Criteria for Success and Test-Driven-Development
There are conceptual similarities and differences among TDD, the Scientific Method, and Goal-Directed Organizational Planning.
How does Test-Driven-Development (TDD) relate to experimental Hypotheses?
When practicing the Scientific Method (and keeping with Design of Experiments), we’re supposed to start with a hypothesis, experiment, and then test the hypothesis before drawing a conclusion.
- If the hypothesis is not met (in terms of statistical constraints, boolean test pass/fail), then we reject the conclusion.
- With Six Sigma DMAIC (Define, Measure, Analyze, Implement, Control),
in the Control step we re-evaluate whether the implemented approach
is achieving the intended objectives that we defined ahead-of-time.
- “Validated Learning” emphasizes the need to control given changes in predefined metrics, as well.
- Control Theory and Systems Theory are all about how changes in inputs (and feedback) affect measurable state (outputs, systemic outcomes).
History, and various domains of science and policy, is chock-full of examples of how attempts to Optimize (Minimize or Maximize) for certain metrics have resulted in Unintended Consequences: where changes in unmeasured variables are resultant from (or just “linked with”, in terms of Confounding, Correlation and Causation) attempts to optimize. Can you think of a few salient examples in your domains of knowledge?
There is math for solving multi-dimensional (“high-dimensional”) optimization problems.
- MCDA (Multiple-Criteria Decision Analysis) intends to find – often multiple – solutions to multi-dimensional optimization problems.
Most systems are inherently multi-dimensional: there are stocks and flows (sort of like nodes with magnitude and uni-/bi-directional edges with magnitude). A systems metaphor: a balloon animal filled with water.
We’d like to think that software is more discrete; that is, software is describable in terms of how output results from changes in input variables.

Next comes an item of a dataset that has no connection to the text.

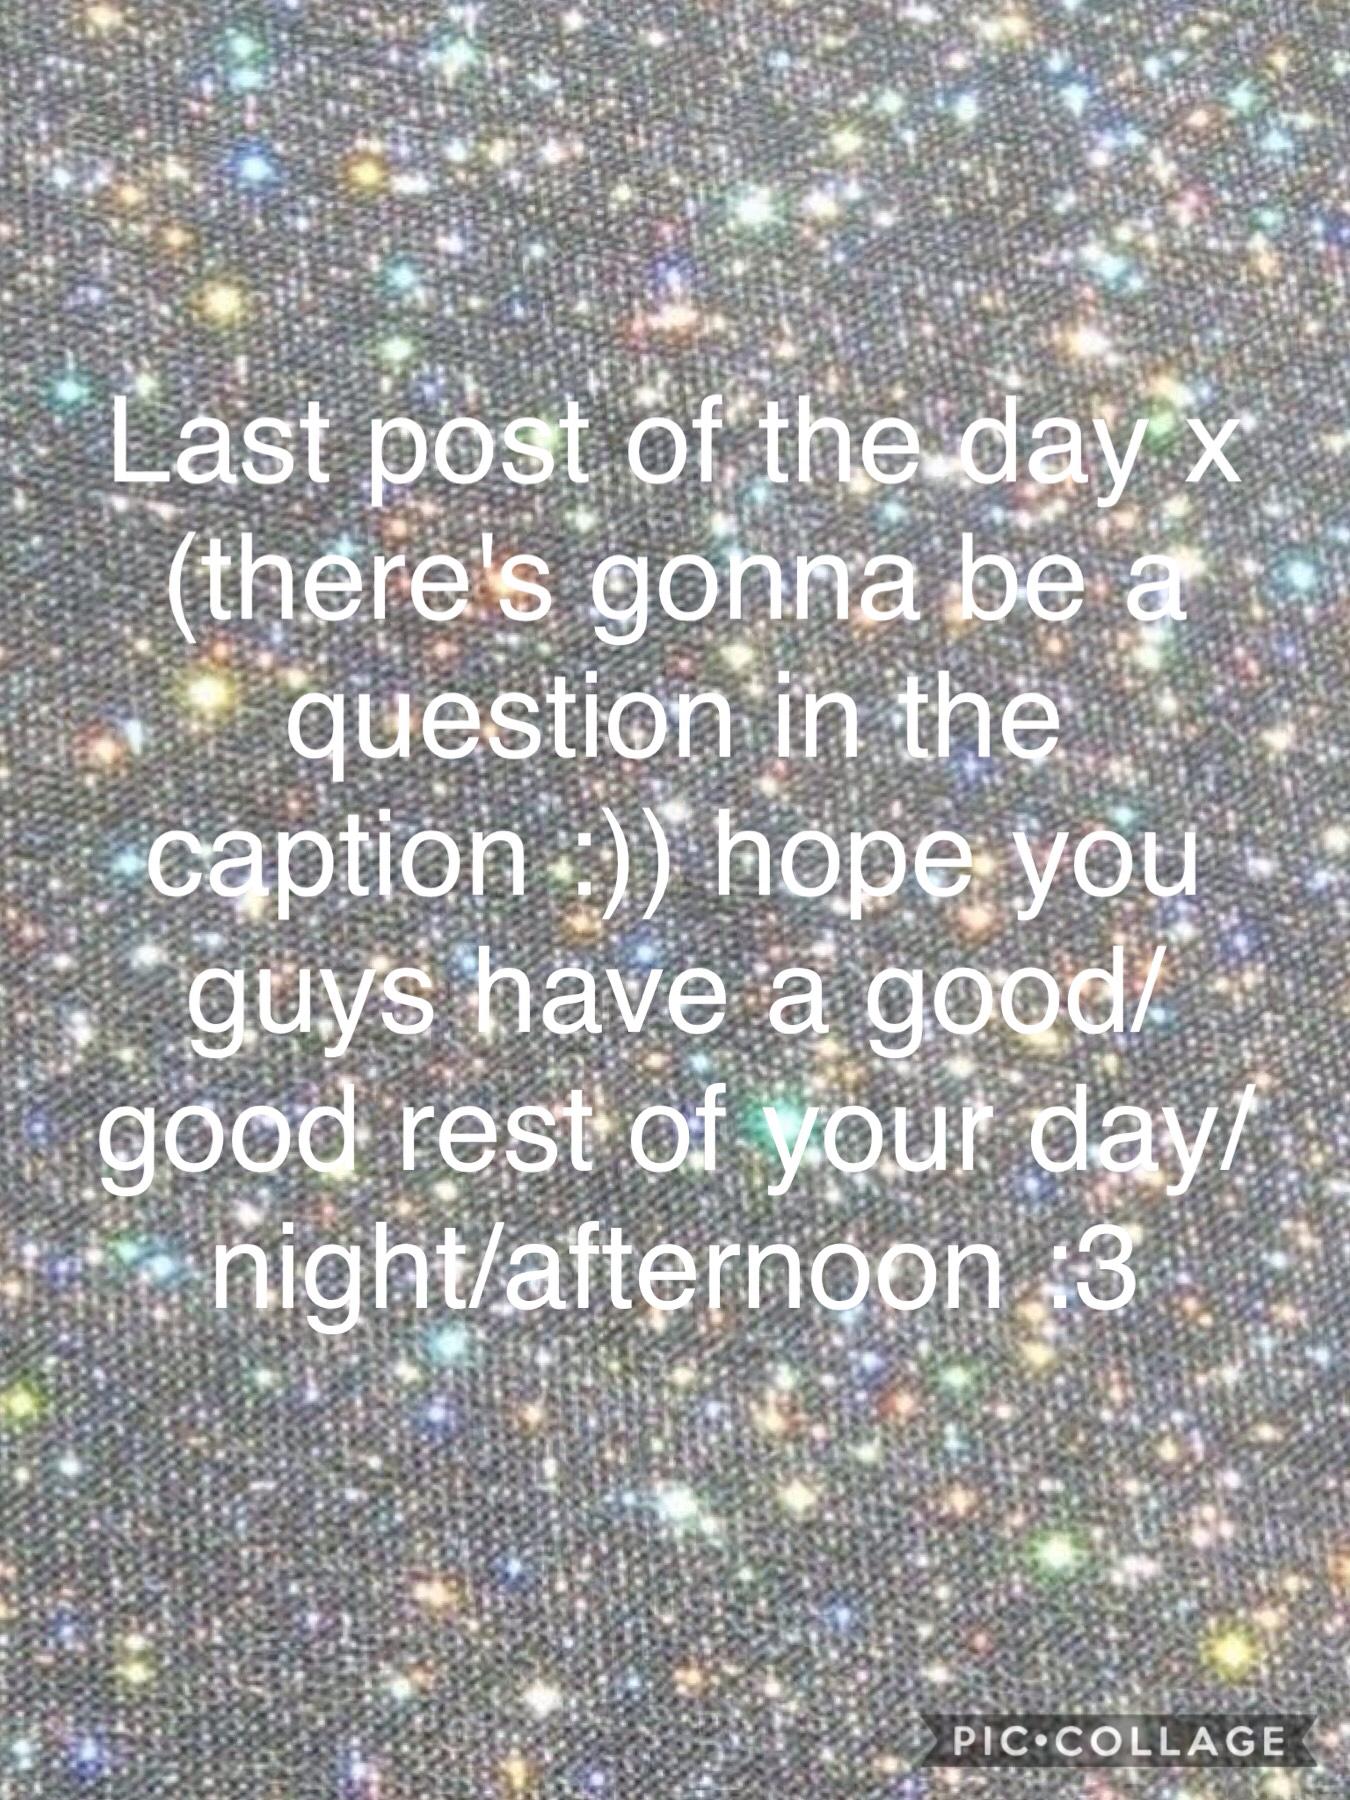 Qotd: How are you guys? (Tap for my answer)
Aotd: I'm fine but I don't feel very good x 😕💞

Formal methods of software design and analysis are often cost-prohibitive. Practically, the problems we intend to solve with software are often ill-specified: we don’t start with a complete functional specification, we start with a vague idea of the problem we’d like to solve (more efficient, more auditable, more logs) and work from there. Agile development methods are designed to support teams of stakeholders who are seeking continuous success in satisfying changing objectives.
So, then, there are two things to optimize (maximize) for when attempting to deliver software which successfully achieves customer expectations:
Functional Specification Coverage: whether all of the desired behaviors are enumerated in at least one test.
- Each Use Case and/or User Story should have at least one test. (Behavior-Driven-Development tools make it easier to write these tests with something like natural language; so that developers/engineers can do what they do best).
- User Stories can be written and rewritten from
the 5 W’s (Who, What, When, Where, Why)
to a Given-When-Then (and Why) pattern:
- “Users can register for user accounts”
- “As an unregistered user, when I complete the registration form, and then click on the confirmation link sent to my email, then I have a registered user account (obviously: in order to onboard new users)”
Code Coverage: whether all of the actual code in the software is covered by at least one test.
When some of the tests no longer pass, this is called “breaking the build”. Teams working with Continuous Integration (CI) are aware of this because all of the tests run for every change to the software.
- When the build breaks, it is the whole team’s (and specifically, the person whose changes broke the build’s) responsibility to stop what they are doing and un-break the build (often by just “backing out” the new changes (where they can remain in a separate feature branch)) so that the whole team is not blocked.
- Teams devise various ways to indicate that the build is broken (CI emails, a build lamp, respectful verbal indications).
Function Coverage, Statement Coverage, Branch Coverage, Condition Coverage:
Statement Coverage is a Code Coverage metric for determining whether each text line of the software is executed by the tests. Statement Coverage can be misleading for a number of reasons:
- There may be multiple branches on the same line.
def func(a, b): if (a > 10) or (b < 20): return True def test_func(): assert func(271, 314) # 100% coverage assert func(0, 0) # still 100% coverage
So, optimizing for Statement Coverage (when what we really want is Branch Coverage) can be misleading: can lead to false confidence.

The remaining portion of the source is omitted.